Andrew felt as if he were dying. Fanny gripped
his arm hard. Mrs. Zelotes had the look of one
about to spring. Ellen had the terrible sensation
which has in it a nightmare of inability to move, allied
with the intensest consciousness. She knew that
she was to read her valedictory, she knew that she
must raise that white-ribboned roll and read, or else
be disgraced forever, and yet she was powerless.
But suddenly some compelling glance seemed to arouse
her from this lock of nerve and muscle; she raised
her eyes, and Cynthia Lennox, on the farther side
of the hall, was gazing full at her with an indescribable
gaze of passion and help and command. Her own
mother’s look could not have influenced her.
Ellen raised her valedictory, bowed, and began to
read. Andrew looked so pale that people nudged
one another to look at him. Mrs. Zelotes settled
back, relaxing stiffly from her fierce attitude.

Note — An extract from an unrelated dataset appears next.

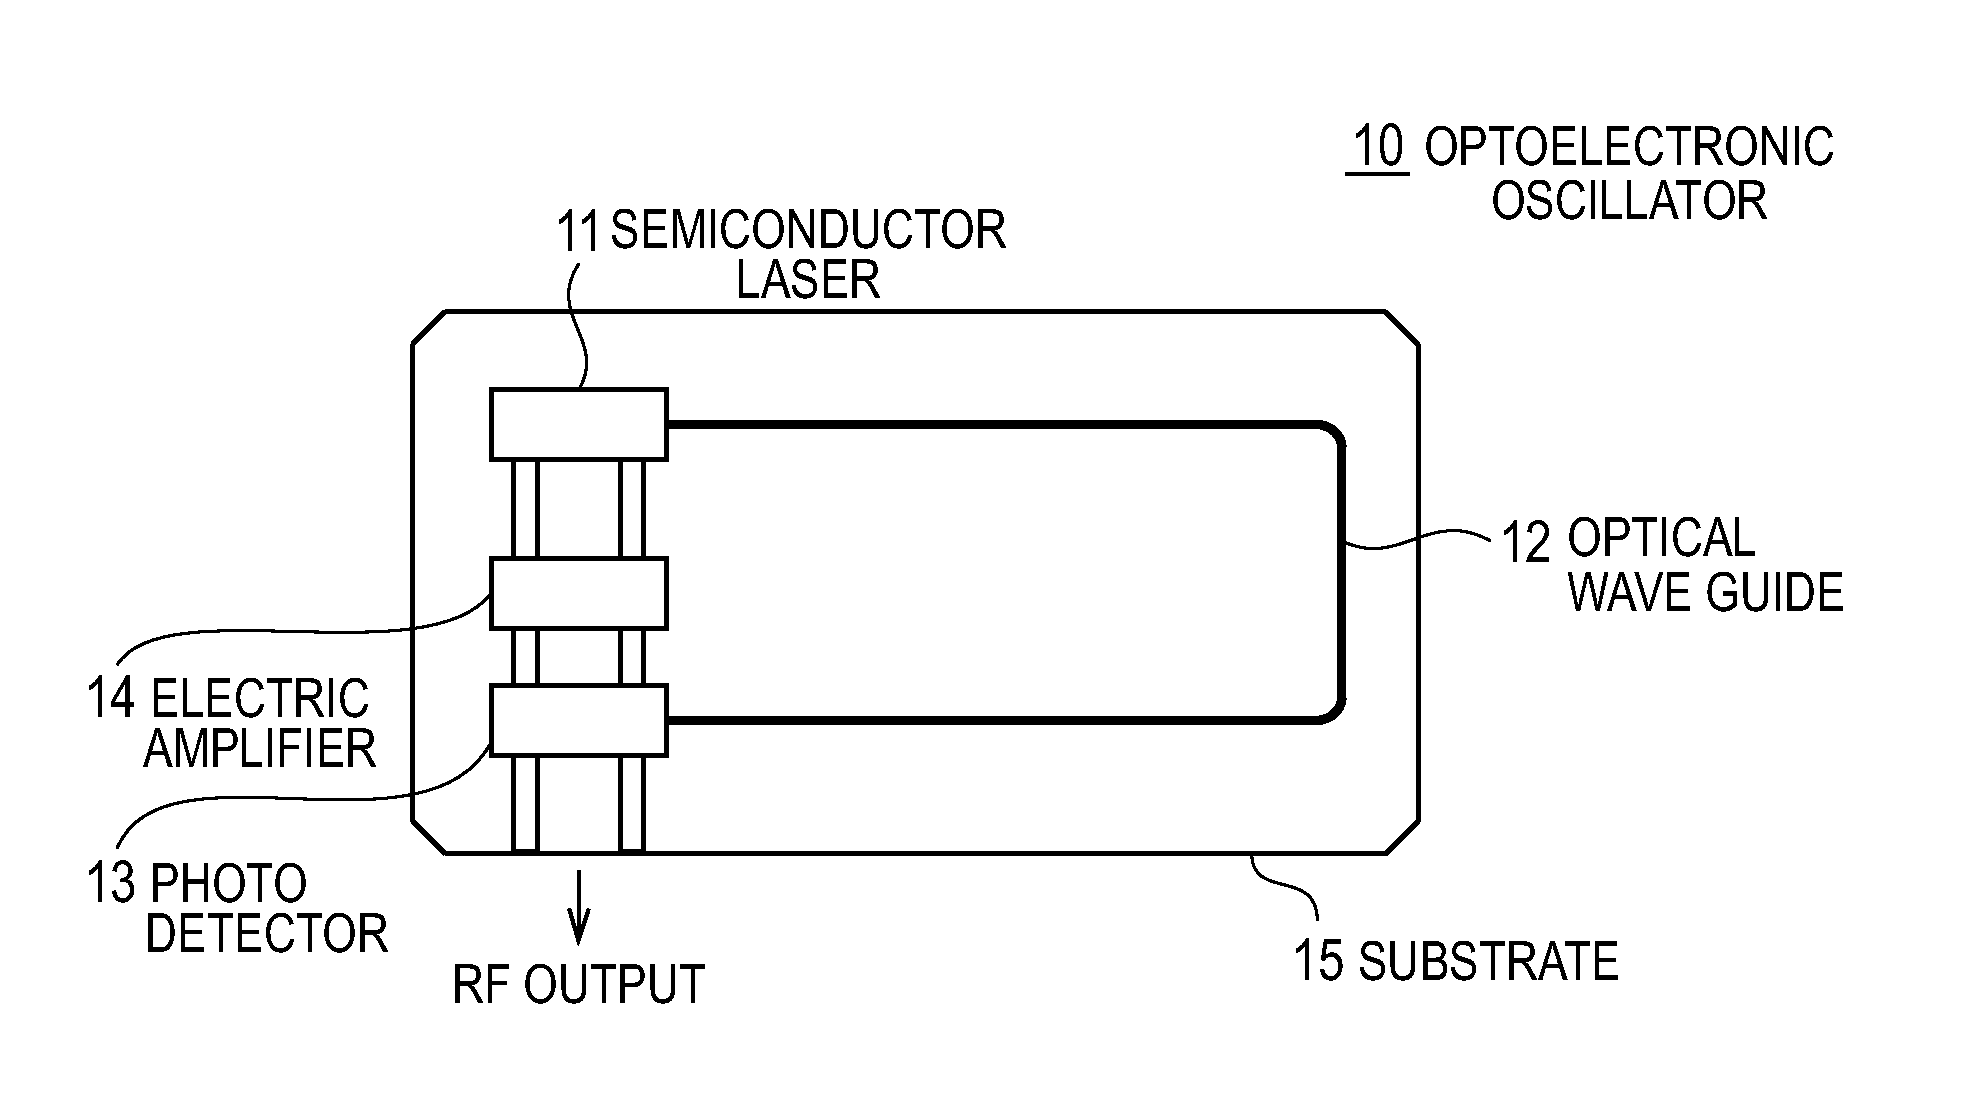 Optoelectronic oscillator and pulse generator

Fanny wiped her forehead with a cheap lace-bordered
handkerchief. There was a stifled sob farther
back, that came from Eva Tenny, who sat back on account
of a break across the shoulders in the back of her
silk dress. Amabel, anaemic and eager in a little,
tawdry, cheap muslin frock, sat beside her, with worshipful
eyes on Ellen. “What ailed her?” she
whispered, hitting her mother with a sharp little
elbow. “Hush up!” whispered Eva,
angrily, surreptitiously wiping her eyes. In front,
directly in her line of vision, sat the woman of whom
she was jealous—the young widow, who had
been Aggie Bemis, arrayed in a handsome India silk
and a flower-laden hat. Eva’s hat was trimmed
with a draggled feather and a bunch of roses which
she had tried to color with aniline dye. When
she got home that night she tore the feather out of
the hat and flung it across the room. She wished
to do it that afternoon every time she looked at the
other woman’s roses against the smooth knot
of her brown hair, and that repressed impulse, with
her alarm at Ellen’s silence, had made her almost
hysterical. When Ellen’s clear young voice
rose and filled the hall she calmed herself.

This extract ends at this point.